Research

Summer 2010 Research Experience for Undergraduates (REU) Program [website]
Autonomous Surface Vehicle
Mentors: Dr. Eric Akers, Ben Panzer, Kyle Byers and Jerome Mitchell
Center for Remote Sensing of Ice Sheets (CReSIS), University of Kansas

Abstract
Sensors such as the Moderate Resolution Imaging Spectroradiometer(MODIS) and Sea-viewing Wide Field of View Sensor(SeaWiFS),require limited human efforts in acquiring data on water quality. However, these have associated errors with calibration due to the assumption of uniformity in pixel data. Surface vehicles with GPS have the capability of resolving this uncertainty by collecting geographically referenced data to enable accurate tracking of changes within and between pixels. The purpose of this research was to build a prototype surface (Autonomous Surface Vehicle) that can navigate and collect continuous water samples in order to complement data from MODIS and SeaWiFS. The vehicle is routed using gyro and GPS, motor control, coordination of temperature sensor for data storage by an SD card is performed by a programmed microcontroller board. Testing was carried out on a pond close to the center(CReSIS) and data on temperature was collected from GPS locations.Future work would focus on increasing sensor integrations and enabling buoy mode to allow for multiple data sets to make results more meaningful.

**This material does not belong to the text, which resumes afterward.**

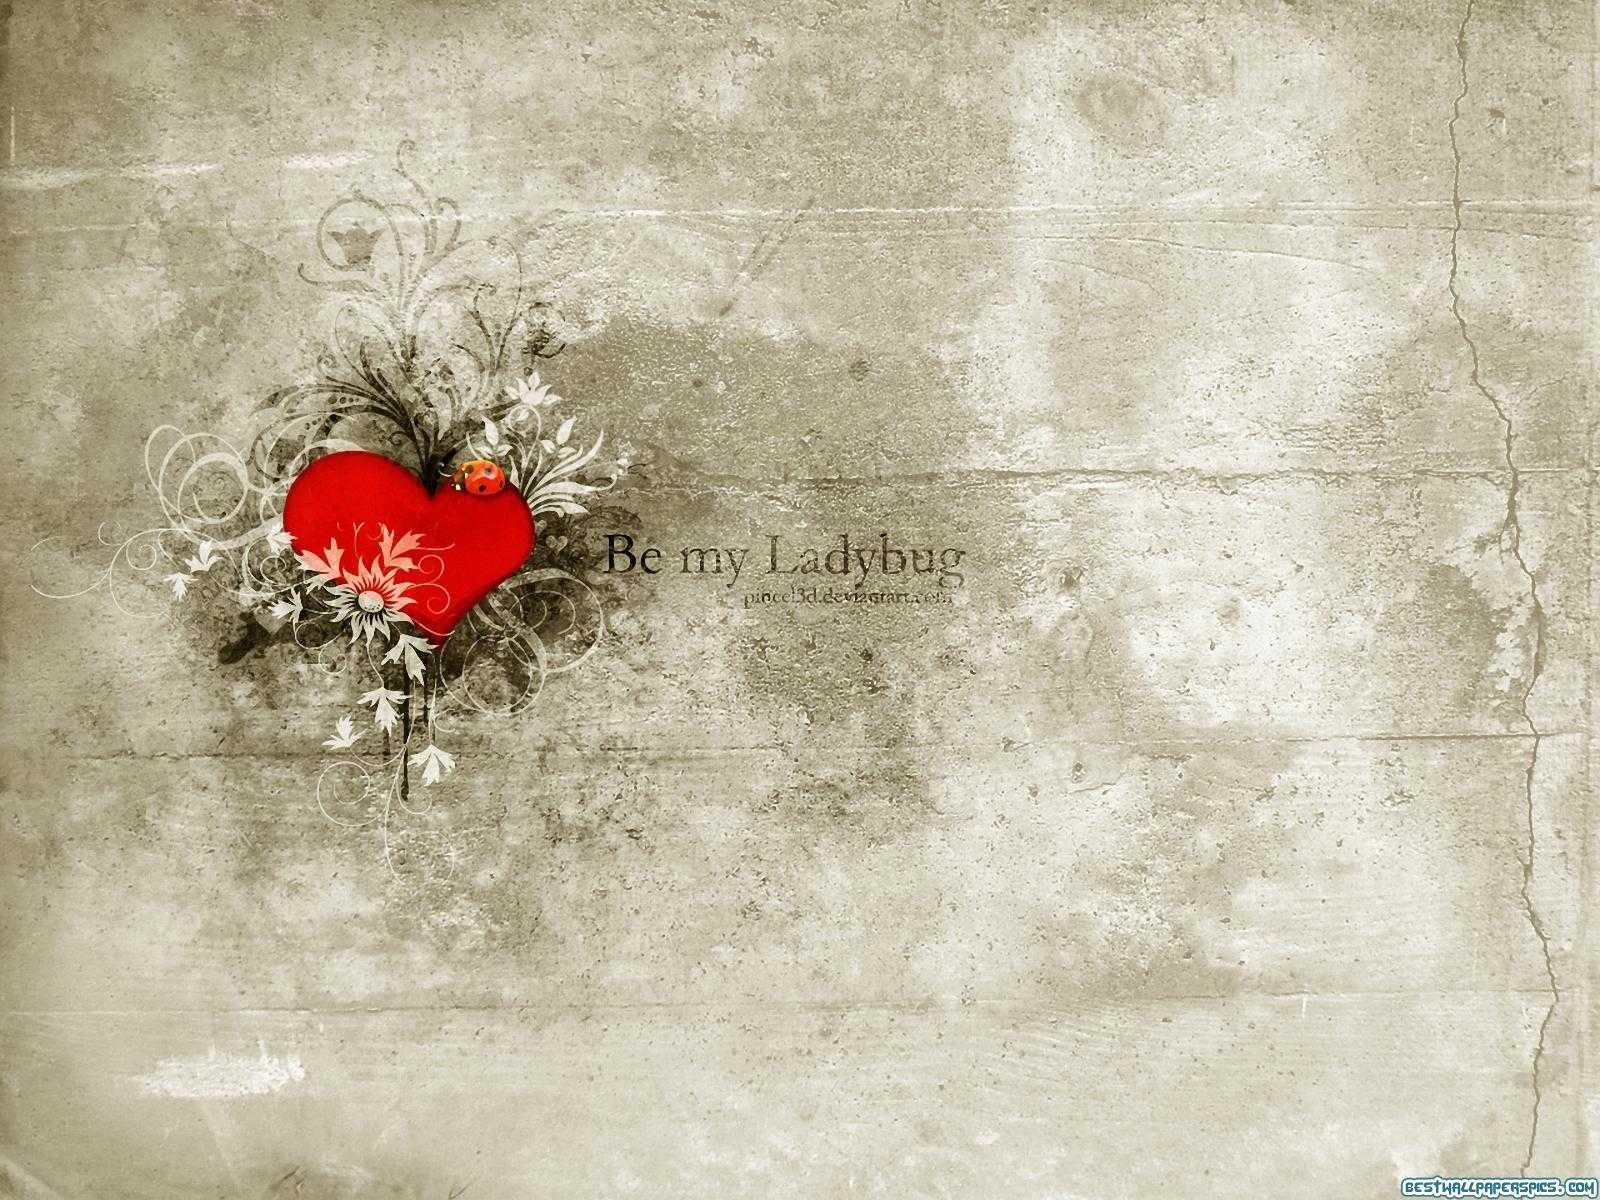 http://3.bp.blogspot.com/-Z5FpFmaJzUk/TfBs12orrPI/AAAAAAAAAPM/DbAMZCTZZps/s1600/cool-wallpaper-+%2528187%2529.jpg

2009-2010 Undergraduate Research Team CRISM [website]
Creating a Program in Mat Lab to Classify CRISM Data
Members: Joyce Bevins, MyAsia Reid, Justin Deloatch
Mentor: Dr Eric Akers

Key Terms:
Mineral (Reflectance) spectroscopy
Oxidized iron minerals
Mafic mineralogy
Hydroxlated sillicates
Bound water Kitoto

Abstract
Creating a Program in Mat Lab to Classify CRISM Data For years many people have had questions concerning Mars atmosphere climate, and surface. If water had ever existed on Mars and if so where and when did the water occur? Is Mars suitable for life? Can there be human exploration and colonization on Mars? NASA uses it’s high tech seeking instrument known as CRISM (The Compact Reconnaissance Imaging Spectrometer for Mars) to trace the past and present water on Martian Mars to try and answer these questions that have yet to be fully answered. The CRISM instrument is sent to Mars to take images of Mars surface in search for minerals that may indicate that water is present.
The 2009-2010 undergrad Research team primary focus was to create a program using map lab that will classify CRISM data in a shorter time frame than what it will take to classify by hand. The CRISM research consisted of manually classifying images from Mars and placing them into excel’s data base, downloading images and storing them into Kitoto’s server so that the program can read and return results of the overall images and mineral images. These images can be classified as excellent, fair, poor, and absent. The classification of each image will show whether there is a lot, little, or no water in each kind of mineral. The five minerals are oxidized iron minerals, mafic mineralogy, hydroxylated silicates, bound water and CO2 water. The images that show the most signs of water in certain areas on Martian will be examined more closely. Currently, the CRISM team working is on creating this program in Mat Lab.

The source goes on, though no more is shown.